# Technique, Theory, Playing Tips and Tricks > Theory, Technique, Tips and Tricks >  What scales to use to improvise with "minor swing"?

## makemerry

I'm looking for suggestions as to how to improvise over the chord changes in "minor swing" as played by django or grisman.  What scales would you use or how would you think about playing the improvization?  Thanks in advance.

----------


## John McGann

Django and Grisman play totally different versions in different keys.
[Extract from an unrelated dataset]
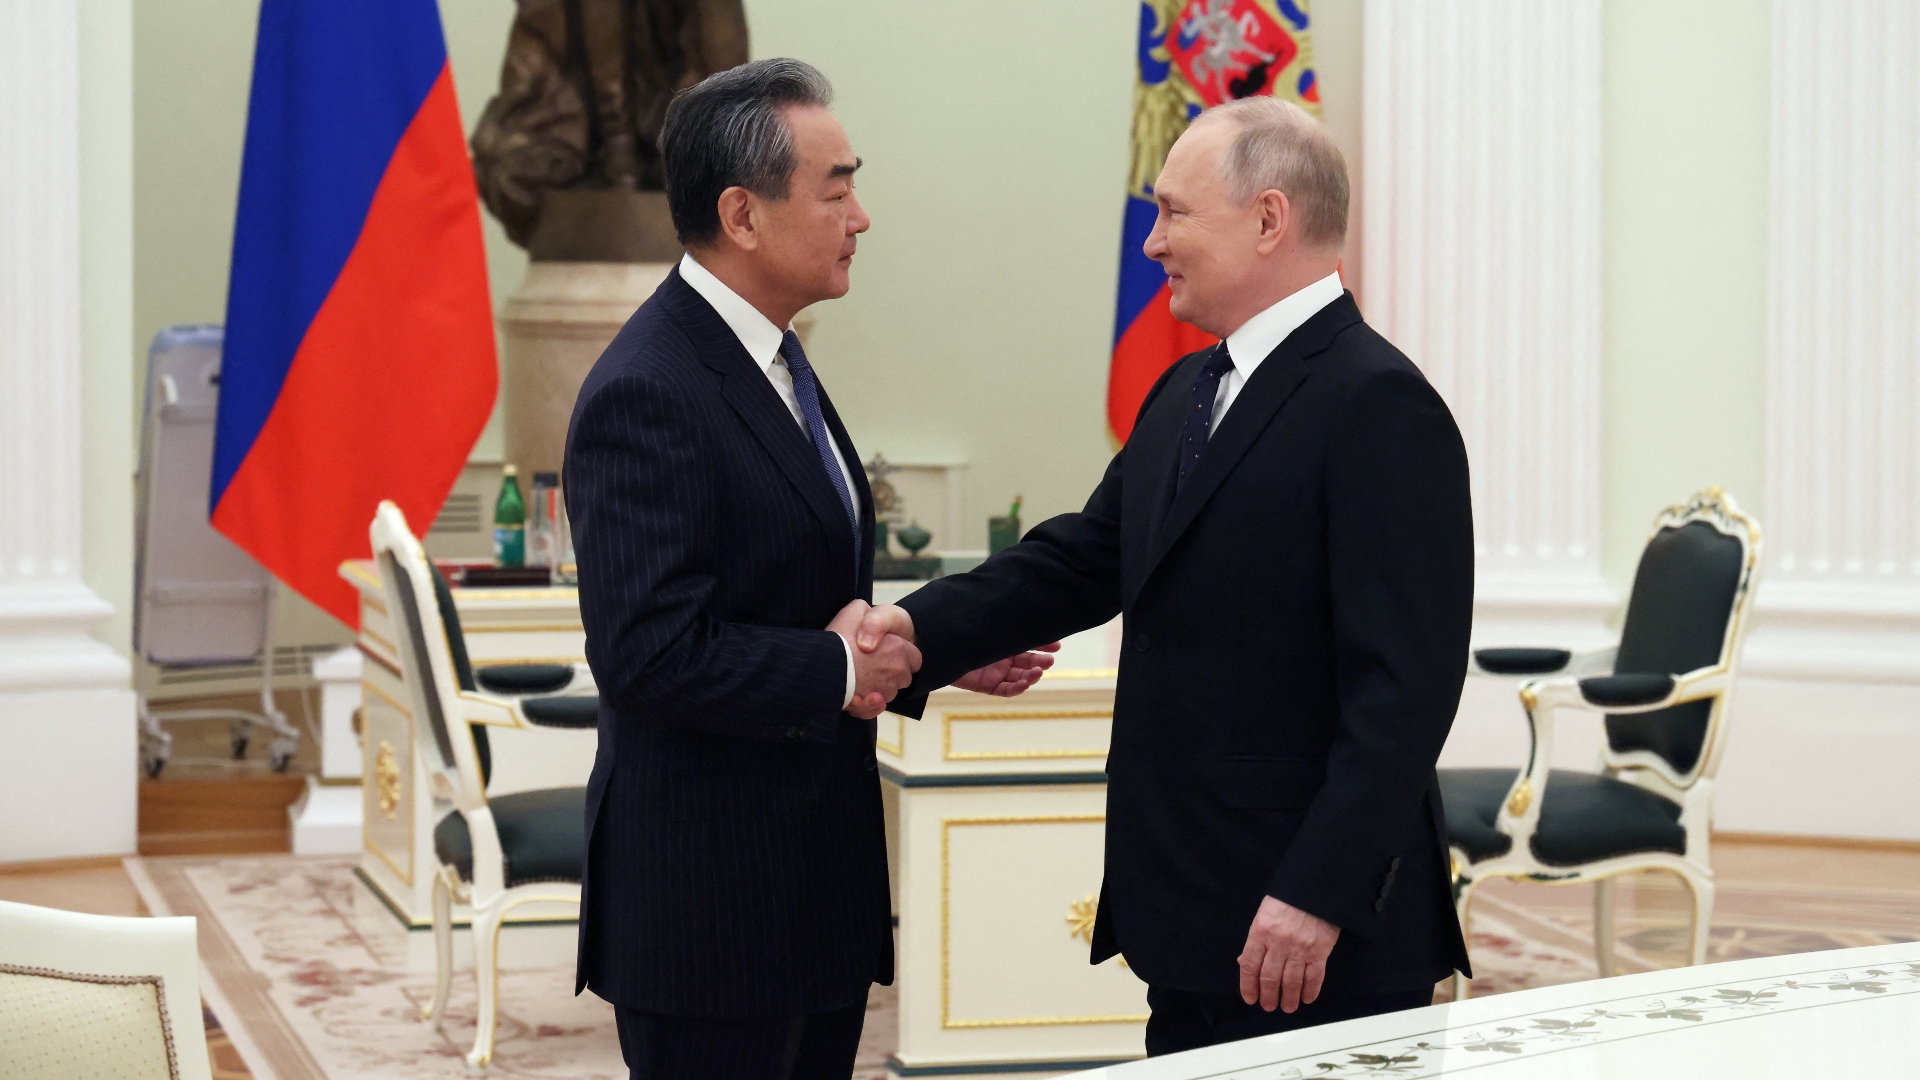 Ukraine conflict - day 364: China-Russia relations 'won't be influenced by third parties,'

Scales are less important than chord tones (arpeggios). Get to know them for each chord, they reside in the suggested scales. These scales are just suggestions, you can use the chromatic scale  :Wink: 

Django original-  Am6 (A melodic minor or dorian) A B C D E F# G (dorian), replace G# for G for melodic minor)
Dm6 (D mel minor or dorian) D E F G A B C (dorian, replace C# for C for mel)
E7 (A harmonic minor E F G# A B C D)

Grisman Dm7 (D dorian) Gm7 (G dorian) A7 (D harm A Bb C# D E F G) Dm7
bridge Gm7 A7 Dm Gm7 Bb7 ( F mel Bb C D E F G Ab) A7

A great book on this topic is Bert Ligon's "Connecting Chords with Linear Harmony".

----------


## Pete Martin

> A great book on this topic is Bert Ligon's "Connecting Chords with Linear Harmony".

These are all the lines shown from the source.